Storing: if your area rug needs to be stored for a long time in a place without exposure to light or air, first vacuum it or get it professionally cleaned. For handmade rugs and those made of natural fibers, you might consider packing it with mothballs to protect against insect damage. Never fold your rug - roll it and store it in a dry location.
Rug Repair - repairing a handmade rug is an art form in and of itself. It is time consuming and labor intensive and therefore, often costly. Get the opinion of a professional before you have work done on a handmade rug - and be sure to use a reputable repairman.
It's Its Own Worst Enemy: sand, grit, and dirt can damage natural stone surfaces because they are abrasive. Use a vacuum on your floor if it's textured, but avoid the beater bar. Those bristles are tough and might scratch your flooring. An old-fashioned dust mop works well, as does a broom. Wet mop as needed.
Be Proactive: walk-off mats or area rugs on either side of entrances from the outside will help collect dirt before it reaches your beautiful new floor. Choose a rug or mat with a non-slip surface.
There's Clean and There's Cleaner: Damp mopping your natural stone floor will keep it looking beautiful. But your retailer or manufacturer can suggest special cleaners meant specifically for stone floors. Wipe up spills immediately. Use soap, not detergent, for good-old fashioned mopping. Liquid Ivory or a Castile soap product work well. Too much cleaner or soap may leave a film and cause streaks, so rinse well. Change your rinse water frequently. Don't use products that contain lemon juice, vinegar or other acids on marble, limestone, or travertine. Avoid abrasive cleaners or any ammonia based cleaners. These products will dull the floor's luster. Retail grout cleaners, scouring powders or bathroom tub and tile cleaners can mar the finish on your stone. Never mix bleach and ammonia. The combination creates a toxic gas.
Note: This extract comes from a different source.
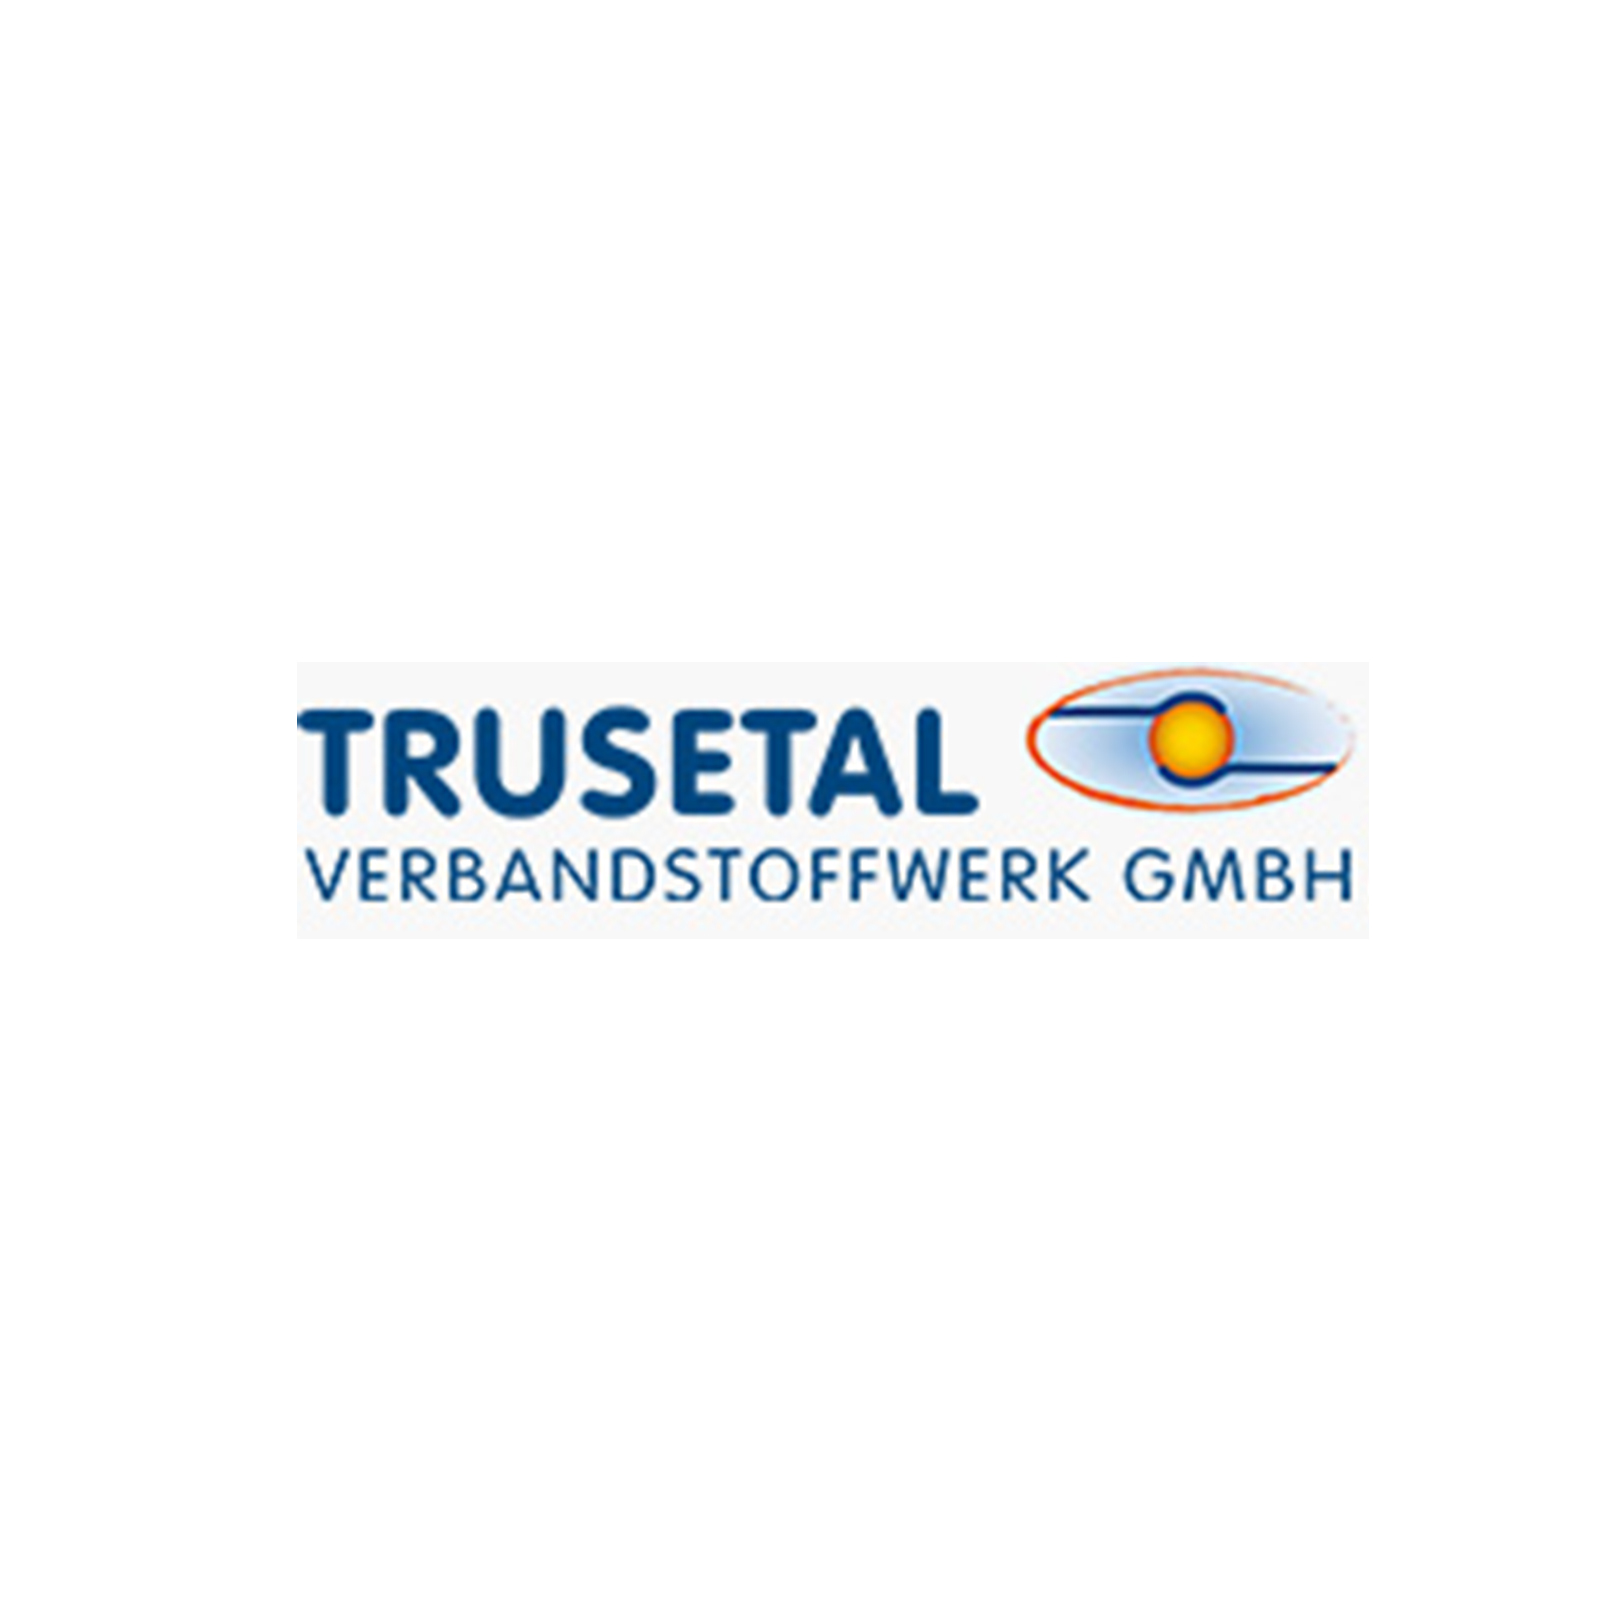 Trusetal Verbandstoffwerk GmbH [30052]

To remove algae or moss from your stone in outdoor pool, patio or hot tub areas, flush with clear water and use a mild bleach solution.
Green Tips for Adhesives:
- Choose products with low to no VOCs (Volatile Organic Compounds)
- Avoid formaldehyde
- Look for Carpet and Rug Institure's (CRI) Green Label® or Green Label Plus® certification
Green Tips for Cleaners:
- Choose products with natural and biodegradable ingredients
- Consider homemade cleaners using things from the pantry: vinegar, baking, soda, salt, lemon juice, rubbing alcohol, ammonia, or olive oil
Green Tips for the Whole House:
- Keep caulked areas caulked (caulking prevents the loss of heat or cold air)
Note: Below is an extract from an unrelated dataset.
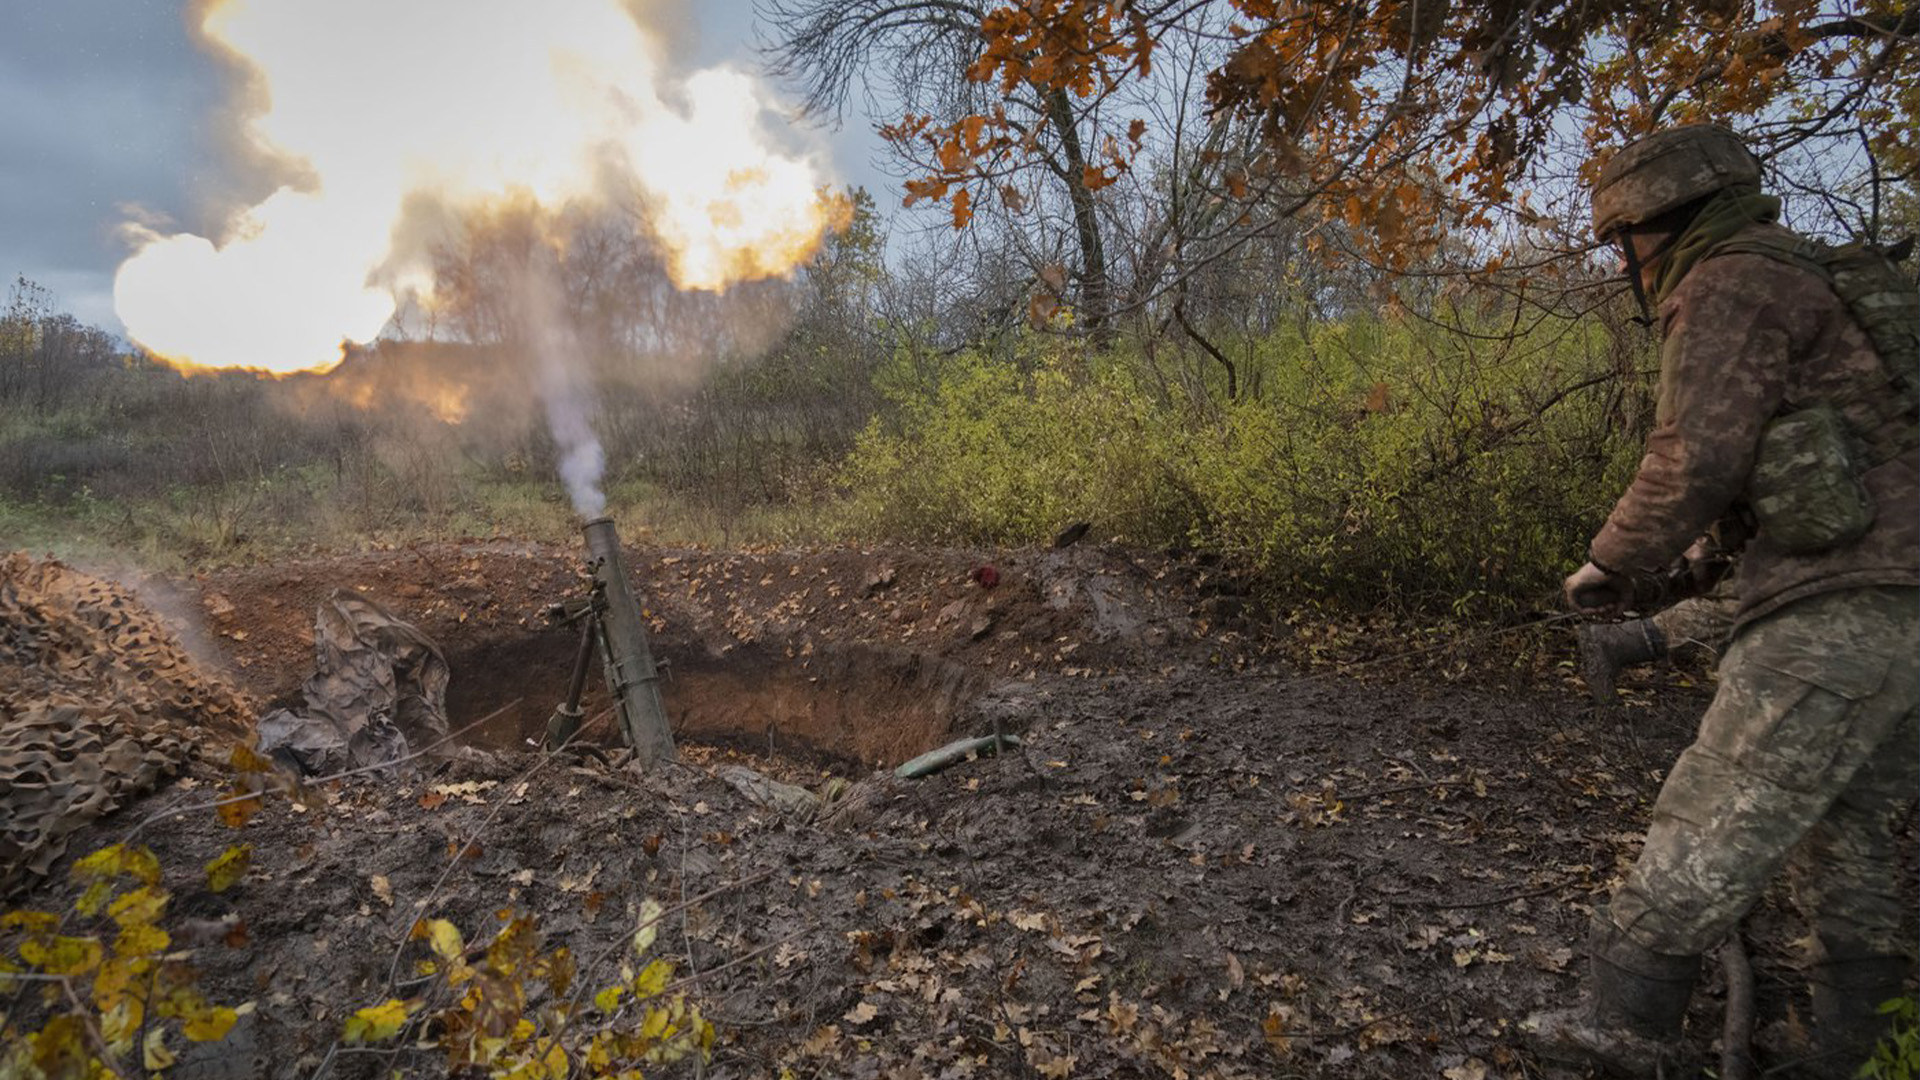 Les troupes ukrainiennes utilisent notamment des mortiers pour essayer de repousser les forces russes qui se rapprochent de Bakhmout.

- If you are installing a new floor, make sure that space between the flooring and the door is just right (too much space means you're heating or cooling the entire outdoors while too little space means you can't close the door)
- Consider that space heaters are energy hogs and can generate more than two pounds of greenhouse gas per hour (use them too much and they might make your hardwood floors contract)
- Choose low or no VOC products whenever you can
- Insulation is not just for the attic anymore, it can be added between floors for additional saving
- Choose a retailer that shares your commitment to the environment and knows about all the latest advances in green products.